Eine Woche nach der VLN Langstreckenmeisterschaft startete auch die RCN Rundstrecken-Challenge in die Saison 2017. Unter den 147 Startern, die sich der Herausforderung Nordschleife Nürburgring stellten, war auch das Team aesthetic racing mit zwei Fahrzeugen.

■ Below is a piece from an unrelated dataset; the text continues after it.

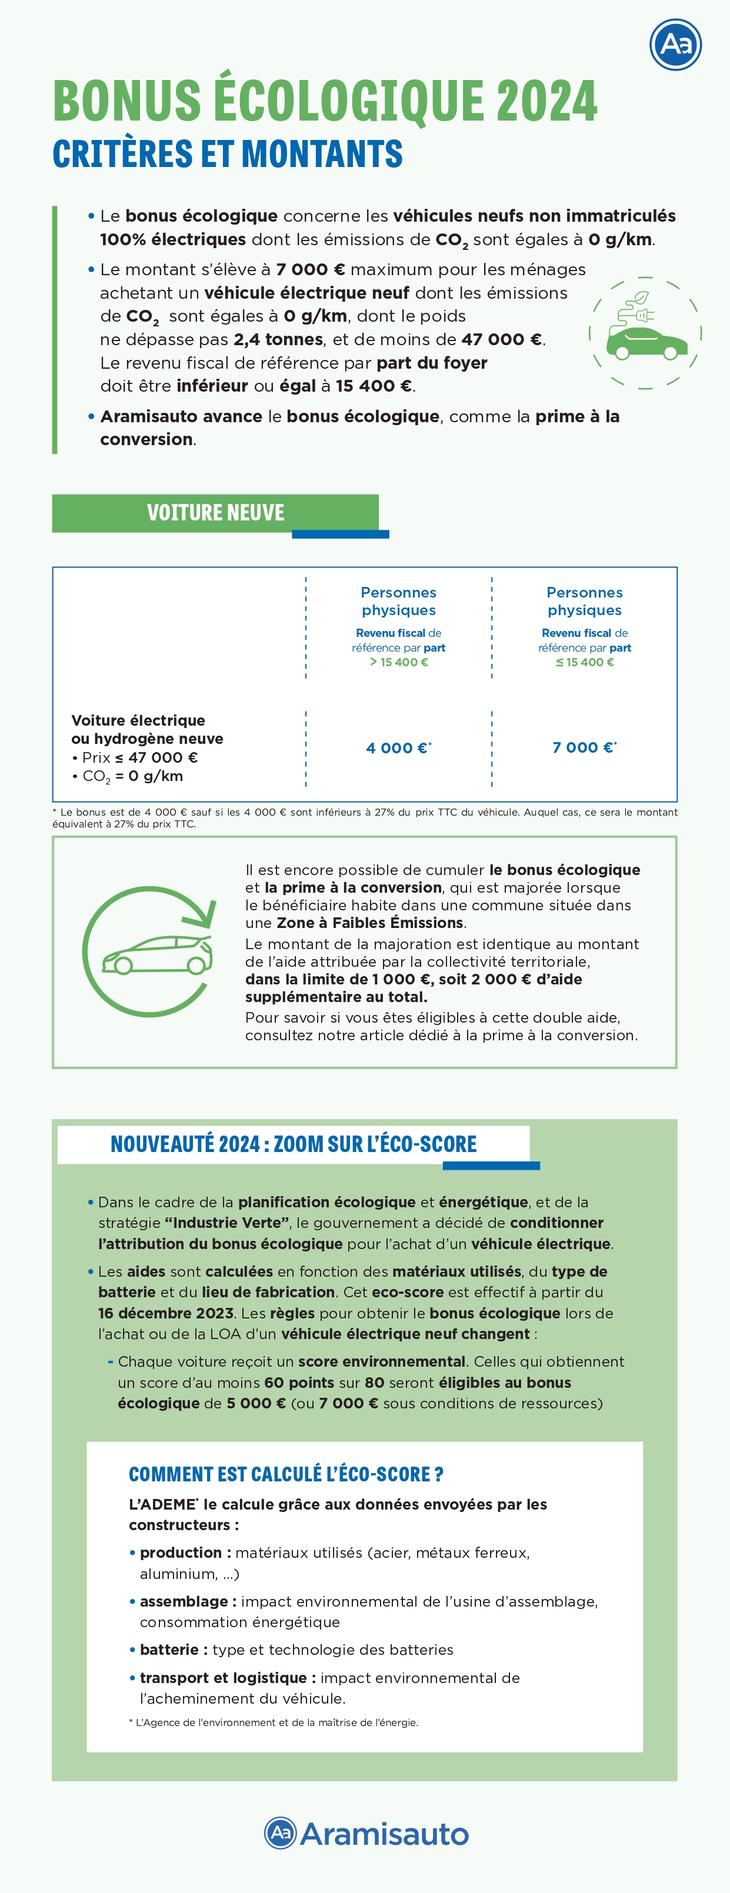 Infographie qui explique les barèmes du bonus écologique de 2024

Speerspitze war dabei einmal mehr Teameigner Stein Tveten, der sich in der Klasse V6 der seriennahen Produktionswagen bis zu 3.500 ccm Hubraum mit der Favoritenrolle konfrontiert sah. Und auch wenn es am Ende tatsächlich zu einem mehr als souveränen Sieg reichte, verlief die Leistungsprüfung bis zur Zielankunft spannender als gedacht. Kaum auf der Strecke meldete „der Chef“ seiner Boxencrew den Ausfall des Laptimers. Soweit nicht wirklich problematisch, stellte der Betreuer am Funk doch nun einfach die Zwischenzeiten auf der ersten Setzzeit-Runde selbst per Stoppuhr fest. In den beiden folgenden Sprintrunden, die auf Zeit gefahren werden, rückte Tveten die Rangordnung dann erst einmal klar. Gerne hätte der Betreuer am Funk ihm den komfortablen Vorsprung von 40 Sekunden auf seinen härtesten Verfolger, Dr. Lebens im Black Falcon Porsche 991, mitgeteilt. Pünktlich zur ersten Bestätigungsrunde, in der die Zeit der Setzzeitrunde bis auf +/- 10 Sekunden erneut gefahren werden muss, hatte sich aber nach dem Laptimer auch das Mobiltelefon in eine Pause verabschiedet. Ganz ohne Hilfe kam es, wie es kommen musste: Tveten verfehlte die Setzzeit um 26 Sekunden und die – nach Abzug der 10 Sekunden Toleranz – daraus resultierenden 160 Strafpunkte verwandelten die 40 Sekunden Vorsprung in zwei Minuten Rückstand. Diesen verkürzte Tveten bis zur Rennmitte in zwei weiteren Sprintrunden mit extrem schnellen Rundenzeiten noch um 48 Sekunden.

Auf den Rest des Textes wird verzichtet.